#### Dataset section
Segment Open

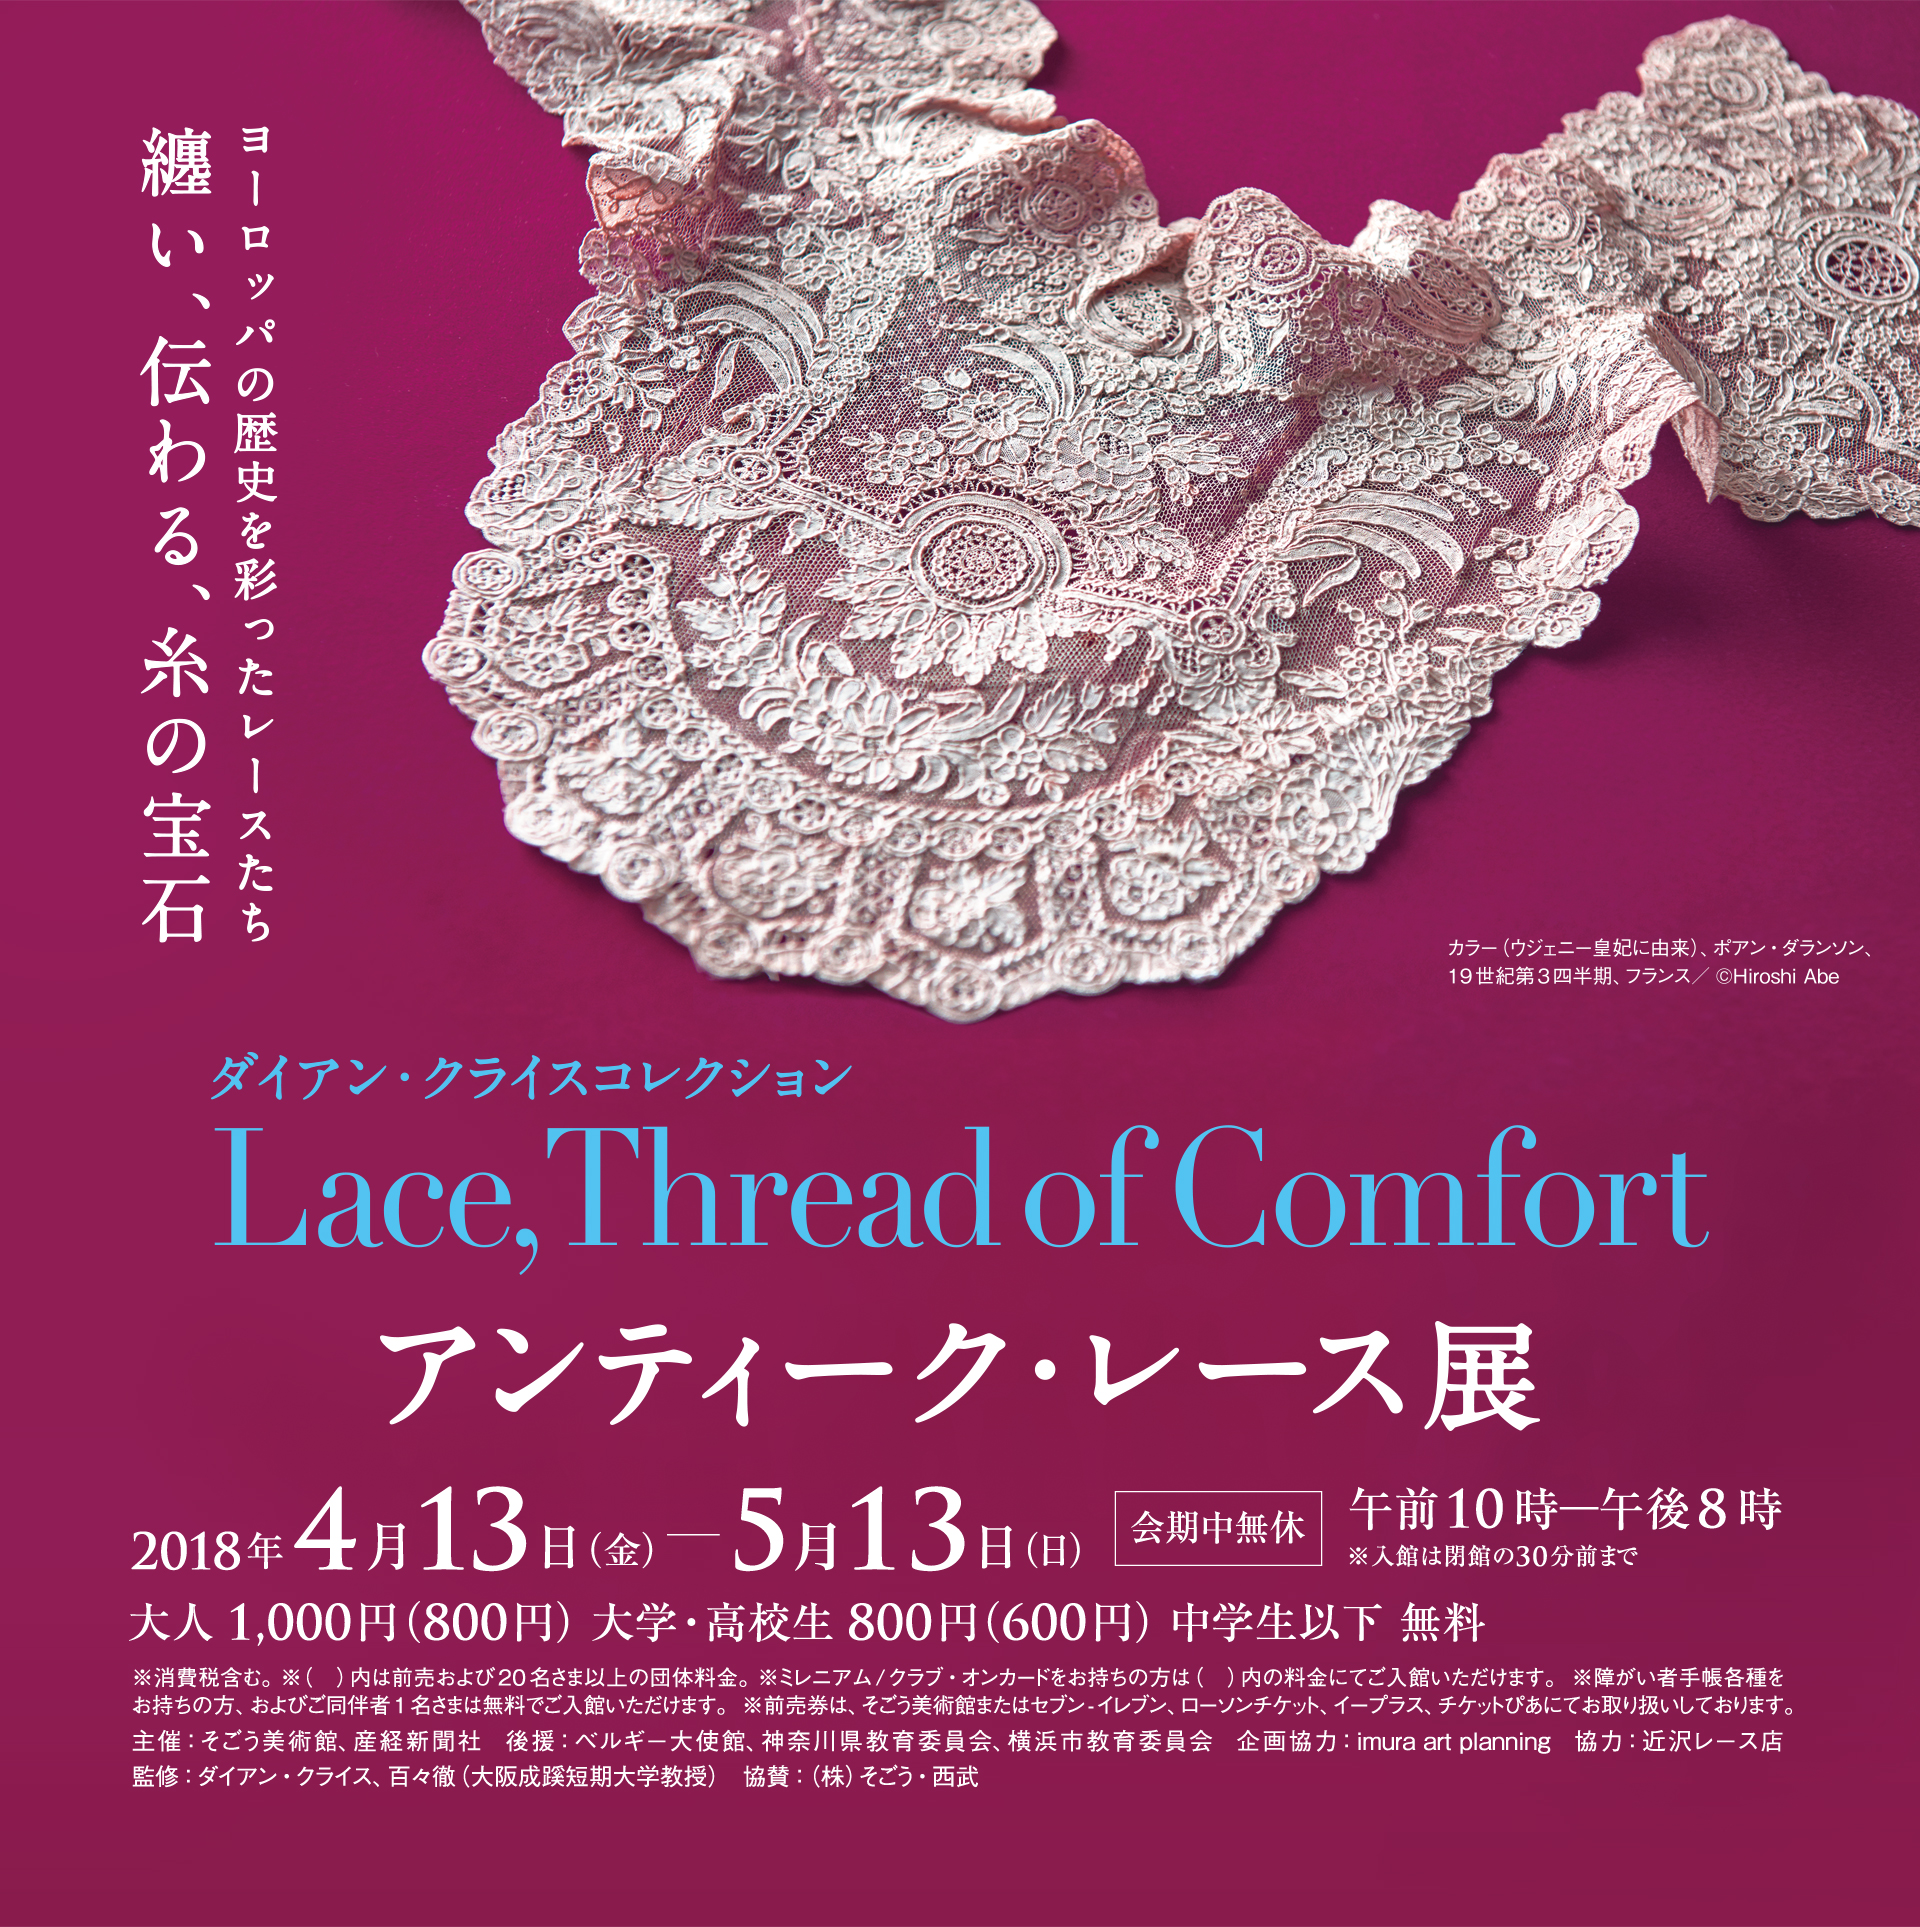 ダイアン・クライスコレクション アンティーク・レース展 〜Lace,Thread of Comfort〜
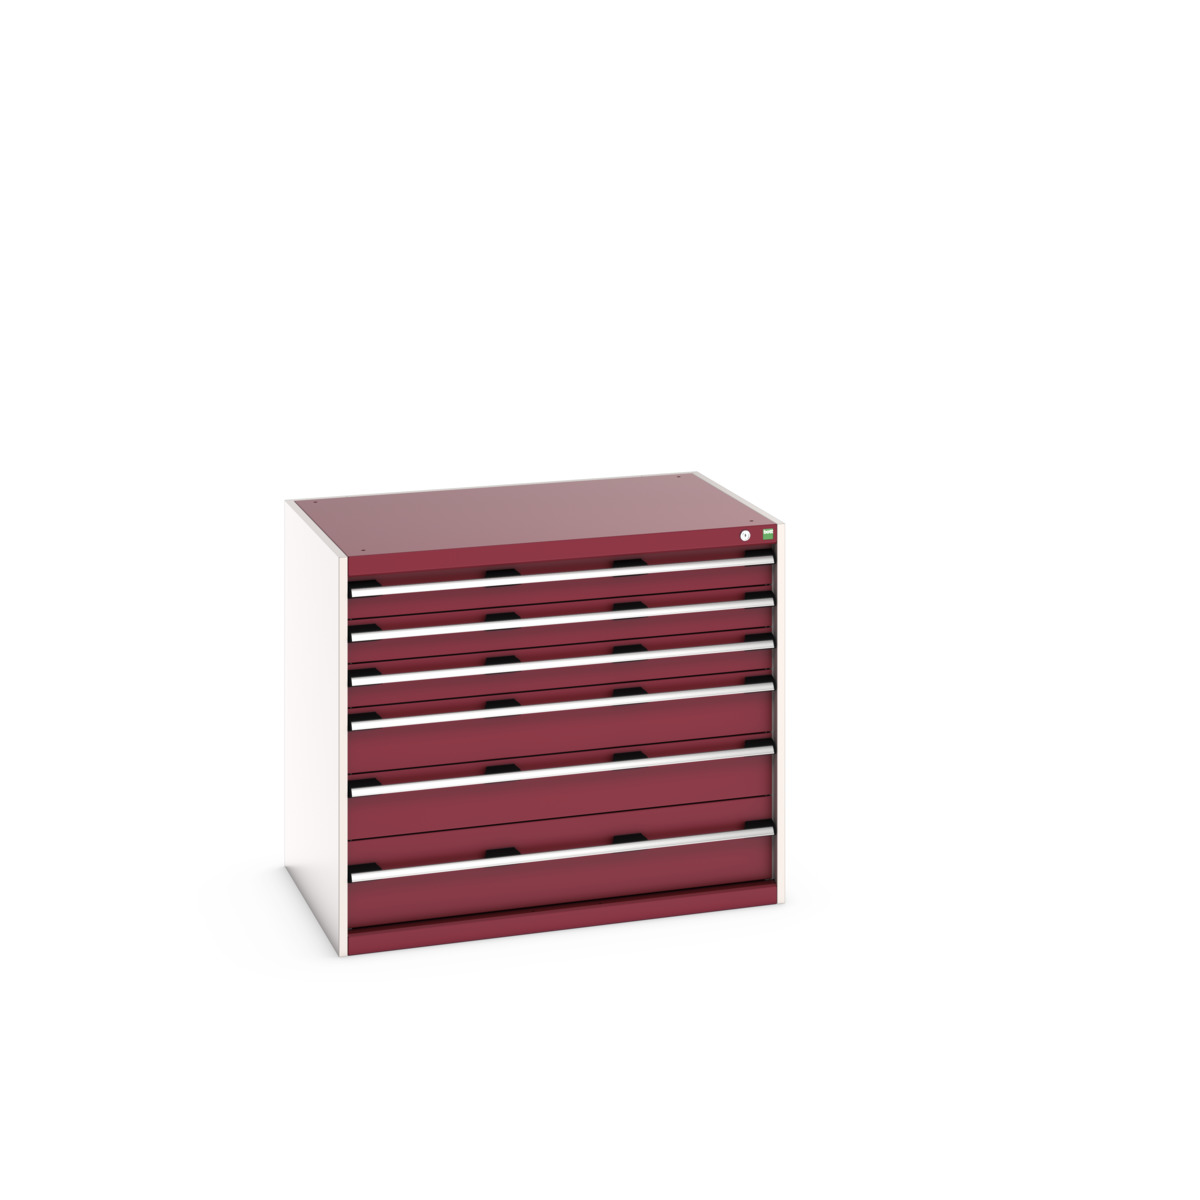 40029103.24V - cubio drawer cabinet
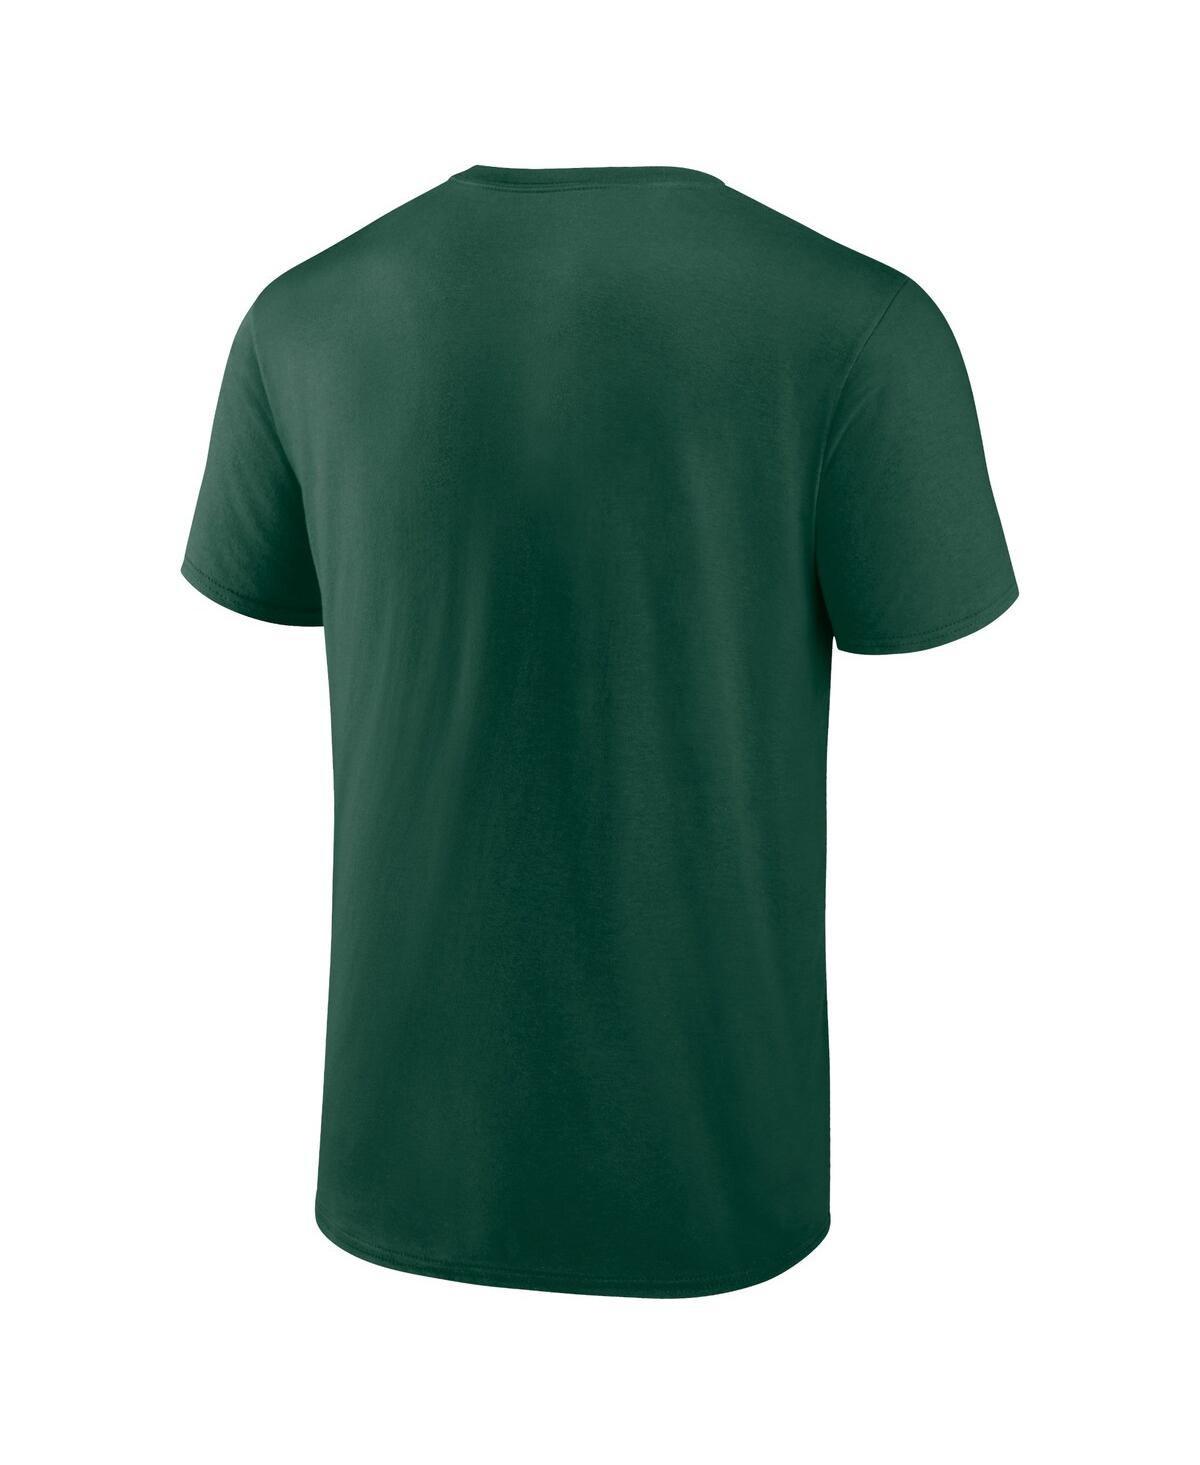 Shop Fanatics Men's  Green Oakland Athletics Rebel T-shirt

Segment Closed

#### What to do
A faithful copy is needed: reproduce all of the data above, leaving the pictures out.

#### Response box
 ダイアン・クライスコレクション アンティーク・レース展 〜Lace,Thread of Comfort〜
 40029103.24V - cubio drawer cabinet
 Shop Fanatics Men's  Green Oakland Athletics Rebel T-shirt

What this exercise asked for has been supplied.